Secara khusus, Livent mengakuisisi ILiAD Technologies pada 2023.

“Platform Teknologi ILiAD menggabungkan adsorben selektif litium superior dengan proses tempat tidur berlawanan arah yang kontinu”

“Livent adalah praktisi terdepan di dunia dan pengguna terbesar proses produksi berbasis DLE, dan kami sangat senang mereka telah mengakui keunggulan yang dibawa ILiAD ke masa depan DLE.

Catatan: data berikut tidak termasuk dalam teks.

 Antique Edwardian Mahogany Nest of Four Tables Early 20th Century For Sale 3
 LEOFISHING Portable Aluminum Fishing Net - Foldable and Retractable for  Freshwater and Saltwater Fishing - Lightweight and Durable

Tampaknya keahlian jangka panjang Arcadium dengan DLE, dan “rentang luas brine kaya litium di berbagai kondisi” dari ILiAD menjadi alasan utama keputusan Rio Tinto untuk mengakuisisi Arcadium, selain penilaian rendahnya karena sifat siklus pasar litium.

Lithium Foil

Arcadium juga mengembangkan LIOVIX, bentuk foil litium yang dapat dicetak yang dapat digunakan untuk meningkatkan kinerja baterai, mengurangi biaya produksi, dan mengurangi penggunaan litium.

Sumber: Arcadium

Profil Hijau Rio Tinto

Arcadium menempatkan Rio Tinto secara tegas dalam kelompok inovator industri pertambangan setelah inovasinya dalam ekstraksi tembaga melalui usaha Nuton. Teknologi baru Nuton memungkinkan tingkat pemulihan tembaga yang jauh lebih tinggi dari bijih yang ditambang.

Produksi aluminium Rio Tinto rendah karbon, berkat penggunaan tenaga air untuk memurnikan bauksit menjadi alumina dan kemudian aluminium.

Rio Tinto juga berinvestasi dalam proyek litium lainnya, baru-baru ini mengakuisisi proyek Ricon di Argentina dan proyek litium kontroversial Jadar di Serbia (potensial menjadi proyek litium terbesar di Eropa).

Karena akuisisi dan proyek baru-baru ini, Rio Tinto semakin harus dilihat sebagai penambang besi pada intinya, dengan profil yang semakin hijau dan pertumbuhan kuat dalam semua logam yang dibutuhkan oleh transisi energi, terutama tembaga, aluminium rendah karbon, dan litium.

Referensi Studi:

1. Knierim, K. J., et al. (2024). Evaluation of the lithium resource in the Smackover Formation brines of southern Arkansas using machine learning. Science Advances, 10, Artikel adp8149. https://doi.org/10.1126/sciadv.adp8149

Jonathan adalah mantan peneliti biokimia yang bekerja dalam analisis genetik dan uji klinis. Ia kini menjadi analis saham dan penulis keuangan dengan fokus pada inovasi, siklus pasar, dan geopolitik dalam publikasinya 'The Eurasian Century'.